Weaker growth has slowed inflation. Statistics Canada reported Tuesday that year-over-year increases in the consumer price index averaged 3.9 per cent in 2023 compared with 6.8 per cent in 2022. That’s a big improvement, and probably explains why some investors got excited about interest-rate cuts at the end of last year. But it’s still a long way from the two-per-cent target, which Macklem has vowed to hit no matter what. The months ahead could test his resolve.  

Average hourly wages rose 5.4 per cent in December, according to Statistics Canada. That’s helping households make up for the blow they suffered when inflation surged after the pandemic, but it’s also inherently inflationary because employers will seek to recoup higher wage bills by charging higher prices. Wage growth that’s faster than productivity growth risks stoking inflation because it squeezes margins, and Canadian labour productivity has been negative for two years. The central bank won’t be seeking negative wage growth, but it will have to drop significantly from where it is now for Macklem to begin cutting interest rates. 

There’s a maxim that the cure for inflation is more inflation: higher prices eventually destroy demand, forcing companies to cut prices. The Bank of Canada has learned that it’s probably more complicated than that, which is why policymakers are paying closer attention to pricing decisions within companies. 

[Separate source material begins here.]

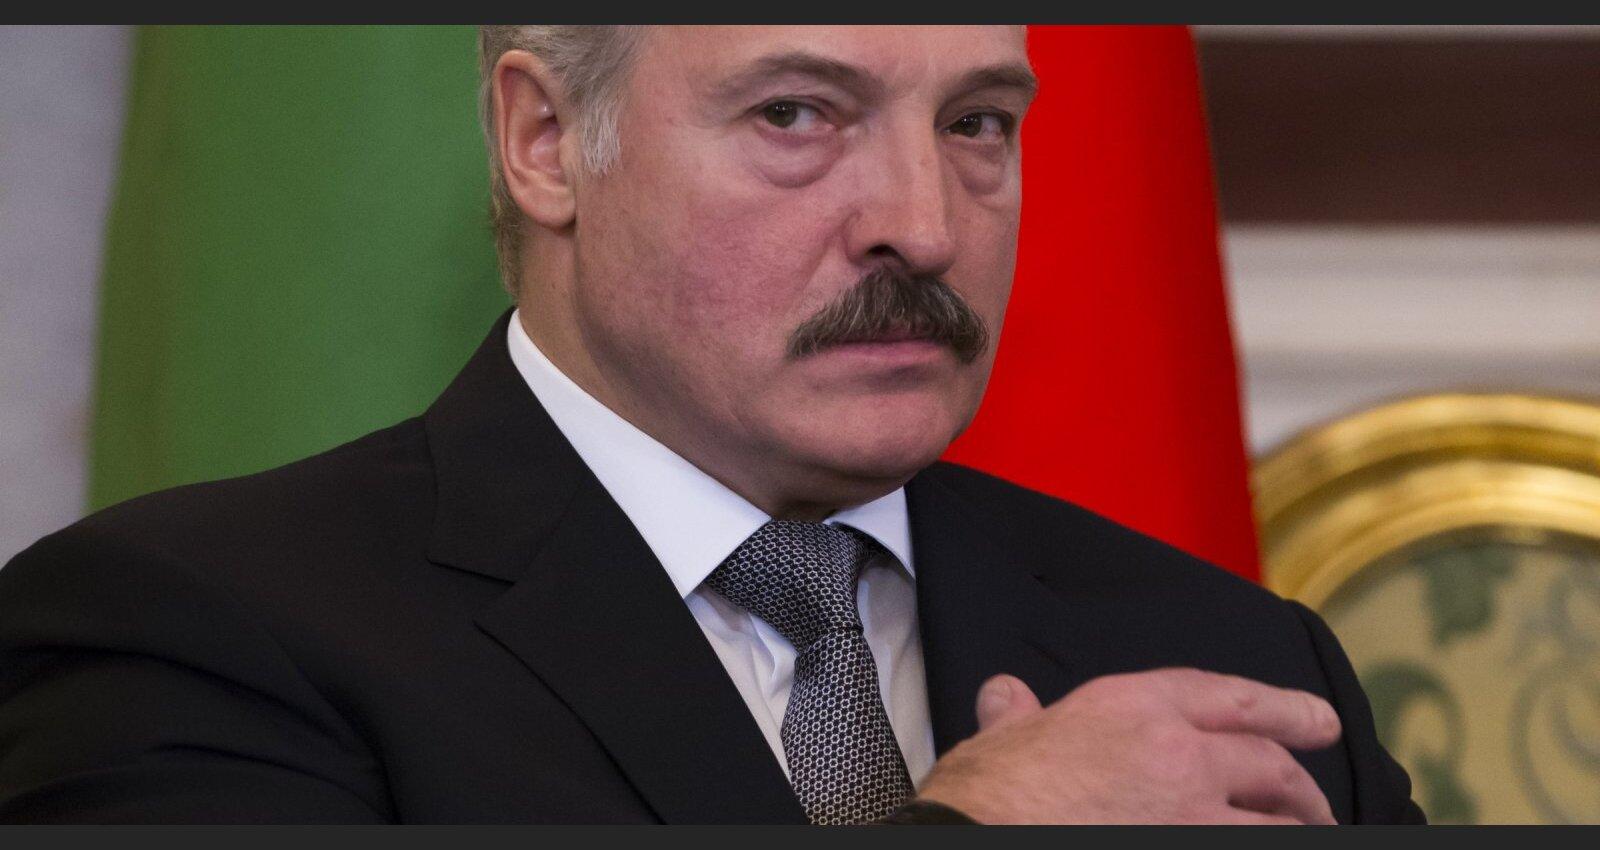 Vai eksistē Lukašenko 'nāves vienība'? Kā savulaik bez pēdām izgaisa prezidenta oponenti

When inflation took off, policymakers assumed competition would help contain cost pressures—there were supposed to be limits to what companies can charge without alienating customers, and it was understood that managers disliked making frequent price changes. 

But as deputy governor Nicolas Vincent showed in a speech in October, that’s not what happened in the aftermath of the pandemic. With inflation everywhere, consumers surrendered and paid the price. Companies, under margin pressures of their own, took full advantage. Some still are. The Bank of Canada’s latest quarterly Business Outlook Survey showed that some 37 per cent of respondents said the size of their price changes would be “greater than normal” over the next 12 months, down from about 43 per cent the previous quarter, but still more than before the pandemic. “Firms’ pricing behaviour is slowly returning to normal,” the report said. 

The shift might be too slow for consumers to notice. A separate Bank of Canada survey showed consumers thought inflation was 5.9 per cent in the fourth quarter, even though it ended the year at 3.4 per cent, according to Statistics Canada. They said they thought inflation would drop to about 4.9 per cent in 12 months and about four per cent in two years. Since expectations of inflation can become a self-fulfilling prophecy, numbers like that could prompt the central bank to resist interest-rate cuts to show it’s serious about anchoring inflation at two per cent. 

Core inflation might be the most important item on the Bank of Canada’s checklist. The central bank’s target is year-over-year changes in the consumer price index, but it has always relied on variations of the index that attempt to control for volatile items, such as oil and food. Excluding gasoline, the index grew 3.5 per cent in December from a year earlier, while the Bank of Canada’s two preferred measures of core inflation also exceeded the headline number by a similar amount.   

If core is a compass for where inflation is headed, then the Bank of Canada has little choice but to stick with higher for longer. The central bank’s next policy decision is Jan. 24. Anyone betting on an interest-rate cut as early as the spring should prepare to be disappointed. 

Kevin Carmichael is The Logic’s economics columnist and editor-at-large. He has spent more than two decades covering economics, business and finance for outlets including Bloomberg News, The Globe and Mail and the Financial Post, where he also served as editor-in-chief. 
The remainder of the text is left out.